Begin by familiarizing yourself with the Pinterest Ads API documentation. This is crucial as you'll be directly interacting with the API to extract data. Ensure you have access to the necessary API endpoints to retrieve the data you need. Obtain your API credentials, including the access token, which allows you to authenticate and authorize your requests.

Prepare your development environment to make HTTP requests to the Pinterest Ads API. You can use a programming language like Python, which is well-suited for handling HTTP requests and data manipulation. Ensure you have libraries like `requests` for making API calls and `pandas` for data manipulation installed.

Write a script to call the Pinterest Ads API using your credentials.
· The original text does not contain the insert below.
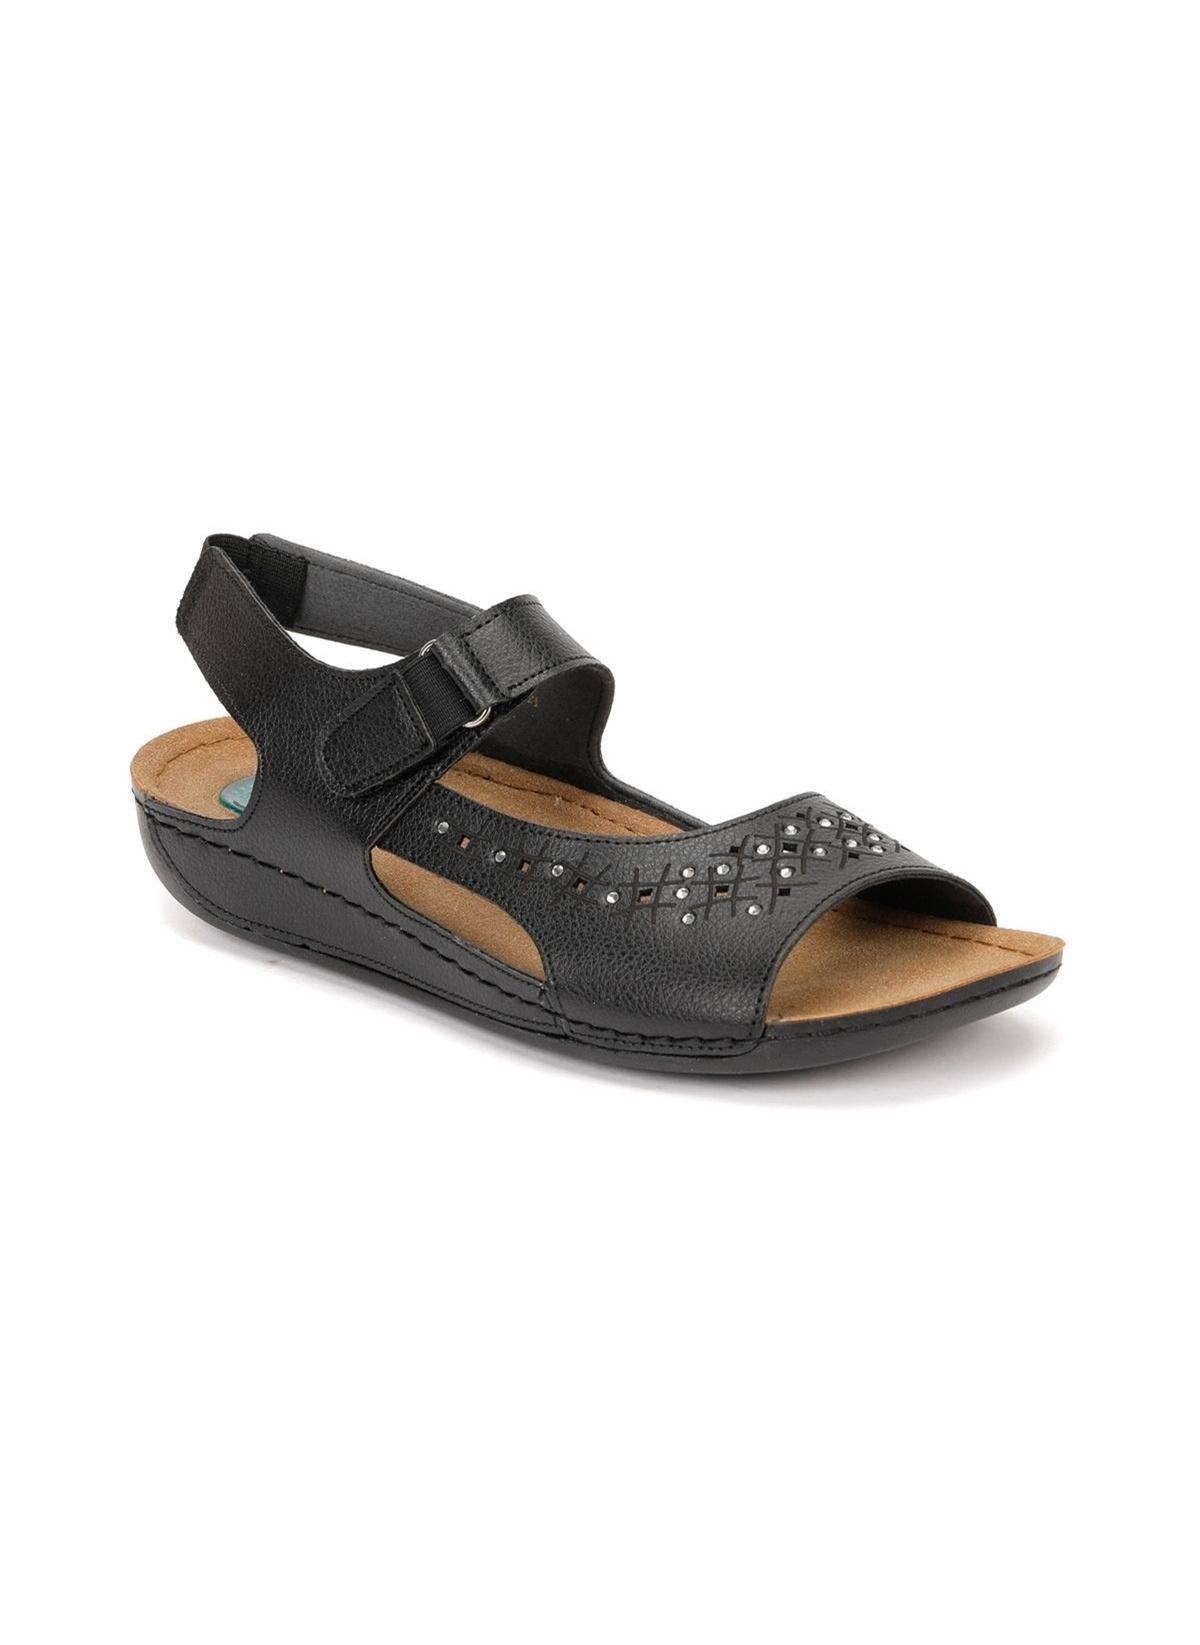 Polaris Sandalet 81.157352.z Basic Comfort – 62.49 TL

Use the appropriate endpoints to pull the desired data, such as ad performance metrics, campaign details, etc. Handle pagination if the data set is large, and ensure your script can manage rate limits by implementing retries or delays as needed.

Once data is extracted, transform and cleanse it to meet your requirements and ensure compatibility with Snowflake's data structures. Use Python’s data manipulation libraries to format the data, handle missing values, and rename columns if necessary. Ensure that data types align with those expected in Snowflake.

Log in to your Snowflake account and set up your database and schema where you will load the Pinterest Ads data. Create the necessary tables in Snowflake with the appropriate columns and data types that match the transformed data.

Use Snowflake's `PUT` command to stage your data files (e.g., CSV or JSON) into a Snowflake stage. Then, use the `COPY INTO` command to load the data into your Snowflake tables. Ensure that your Snowflake warehouse is running and has sufficient resources for the data load.

After loading the data, run queries in Snowflake to validate that the data has been loaded correctly. Check for consistency and accuracy by comparing sample records with the original data. Once validated, consider automating the extraction, transformation, and loading process using a scheduler like cron on a server to run your script at regular intervals, ensuring data is updated in Snowflake automatically.

Following these steps will enable you to effectively move data from Pinterest Ads to the Snowflake Data Cloud without the need for third-party connectors or integrations, leveraging direct API interactions and Snowflake's built-in data loading capabilities.